A well-built Master Data Management (MDM) solution can solve many of the headaches a common enterprise faces. Specifically, such a solution gives the enterprise the visibility to their data and the sources of where it is stored and used, while keeping it current and relevant.
In this article, I want to look at this still poorly understood field in data management, and discuss how we can consider it as a fundamental step towards compliance to the EU’s upcoming GDPR directive.
Here at Grakn Labs, we have worked with a number of companies in different industries, including financial services (banks, hedge funds, etc), to deliver these types of solutions, where we are asked, amongst other things, to help enterprises represent their master data into a Grakn knowledge base. In this article, I want to share some of the lessons we have learned along the way.
Master Data Management
Before delving into this workflow, it is worth defining exactly what we mean by MDM and GDPR.
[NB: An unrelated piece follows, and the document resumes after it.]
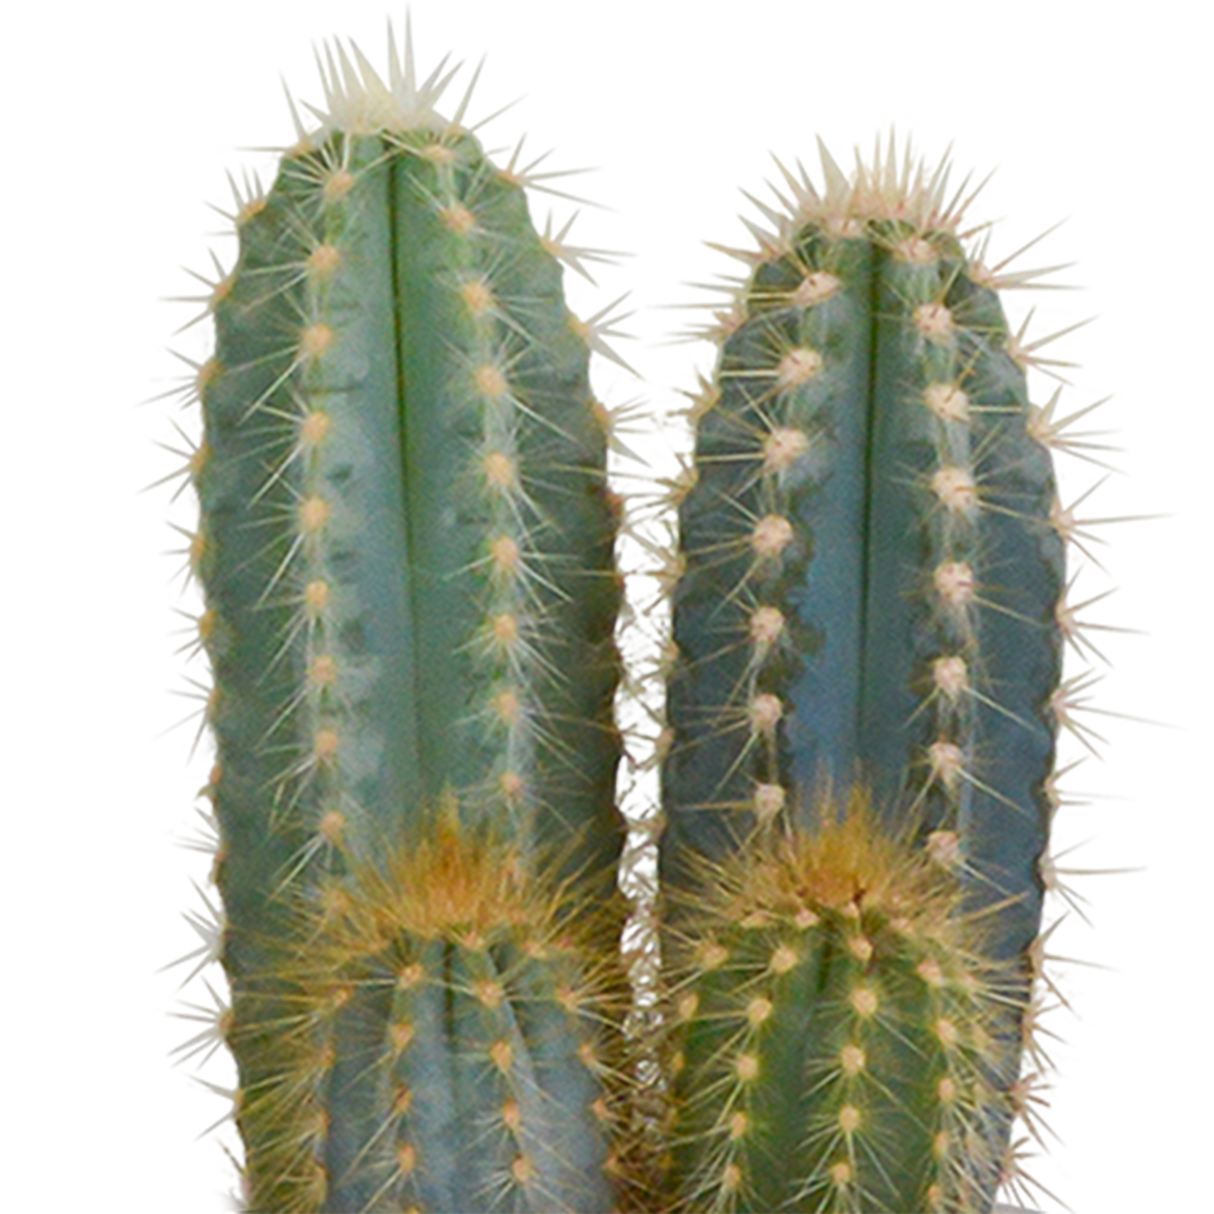 Caja de cactus y sus maceteros blancos - Juego de 3 plantas, h18cm

MDM is a set of technology-enabled processes and techniques that enable an organisation to connect its most important data into one file, which then serves as the one point of reference for that organisation. It ensures that every single IT system, platform, and architecture across the organisation uses data in the same way. Five components in MDM can be identified:
Content defines all the different types of entities within an organisation (e.g. item names, customers and suppliers), while relationships define their groupings, hierarchies, and business rules — i.e. an organisation’s data standards.
Access relates to the policies an organisation has on who can access and edit which data sets. Change Management deals with the management and monitoring of changes in data, and how this is then communicated across the organisation.
Finally, Processing defines the rules around matching and identification of data. This is to understand, for example, when two similar looking customer entries are found in two different systems, if these actually relate to the same customer or not. It also includes the policies on how changes to the master data file are communicated to the systems of origin.
MDM is still in its infancy, although maturing rapidly. Many challenges, therefore, exist. Commonly, they include data complexity — just representing all master data’s entities and their relationships/hierarchies can be a daunting task. What is more, master data can sit in different and overlapping data silos. Identifying these, and agreeing to common domain values across systems can be difficult. Further, we see that often many executives do not know where to start to engage in a potential MDM solution.
With this brief understanding of MDM, I would like now to touch on GDPR and discuss how MDM can be a solution to this looming regulatory behemoth.
GDPR & MDM Solutions
The General Data Protection Regulation (GDPR) is an EU-wide regulation coming into force on 25 May 2018 designed to harmonise data privacy laws and protect EU citizens’ data privacy. It states that any company that manages or stores EU citizens’ personal data needs to know exactly what data of an individual is stored and used, and needs to obtain the individual’s explicit consent to do so.
The fines set by the European Commission for non-compliance are staggering — up to 4% of worldwide turnover or €20MM, whichever is higher. There is also a personal fine applicable to the data controller in charge of up to €500K. It is, therefore, surprising so few enterprises have begun to implement these new guidelines. Partly this reflects the far-reaching requirements of the directive, as executives find it difficult taking the first step to compliance.
As such, some have raised MDM as an answer to GDPR. This is because, as GDPR forces companies to have a reliable and correct overview of individual customers, MDM offers exactly this overview and can, therefore, serve as the technical basis to GDPR compliance.
For example, data from individuals can be arranged as data identifiers and extended attributes. Here, a key advantage of using MDM for GDPR is that any individual is guaranteed accuracy of their data. In MDM, this data is maintained centrally, which means that any particular sub-system in a large organisation will not be forgotten when data changes. Not only does this simplify data management, but it hugely increases the quality and currentness of data.
That being said, we must not forget that GDPR also relates to personal data that is non-master data. This includes data that has limited reuse, or is just specific to a single application and, therefore, falls outside the scope of MDM. Thus despite the usefulness of MDM for GDPR, an organisation should beware not to include non-master data in MDM just for GDPR’s sake.
How to get started
As mentioned above, a common theme among executives that we see is not knowing where to start with an MDM solution. After all, in a large enterprise, beginning to represent and model your master data can become very complex, very fast. An example:
‘When we talk about a customer, do we mean a first name? Last name? Or both?’
More complex issues include cross-departmental definitions of ‘High Net Worth Customers’ and modelling the access authorities to different data sets by various groups in different geographies. Another challenge is how do we ask intelligent questions to this master data while letting the computer figure out how to navigate the complexity in the underlying data structure.
This is where Grakn comes in. Grakn is a hyper-relational database built to model and represent exactly these types of complex networks. Rooted in Symbolic AI, it provides the knowledge base foundation for intelligent systems, including MDM.
The workflow we recommend can be as follows. To begin, you should task someone/a team from within your organisation (or hire an outside consultant) to chart your master data. They will, amongst other things, speak to your relevant data processors/controllers, and map the different permissions/authorities, file structures, data lineages, etc.
As this information is gathered, we help your team integrate the content, relationship, access, change management and processes (MDM’s five components) into one consolidated knowledge base. There will usually be several iterations before the entire knowledge base is completed, which may take anywhere between two to six months. This typically includes several in-house workshops to ensure the system is successfully implemented and adopted within your team.
Already early on into this process, while we integrate each database at every iteration, we begin to uncover questions that we are now able to answer, such as:
‘Find me all the owners of a dataset containing personal information of country X’
‘Find me all the operational datasets that are used in a specific application and jurisdiction’
‘Find me the owners of all operational datasets in a category for a specific jurisdiction/level’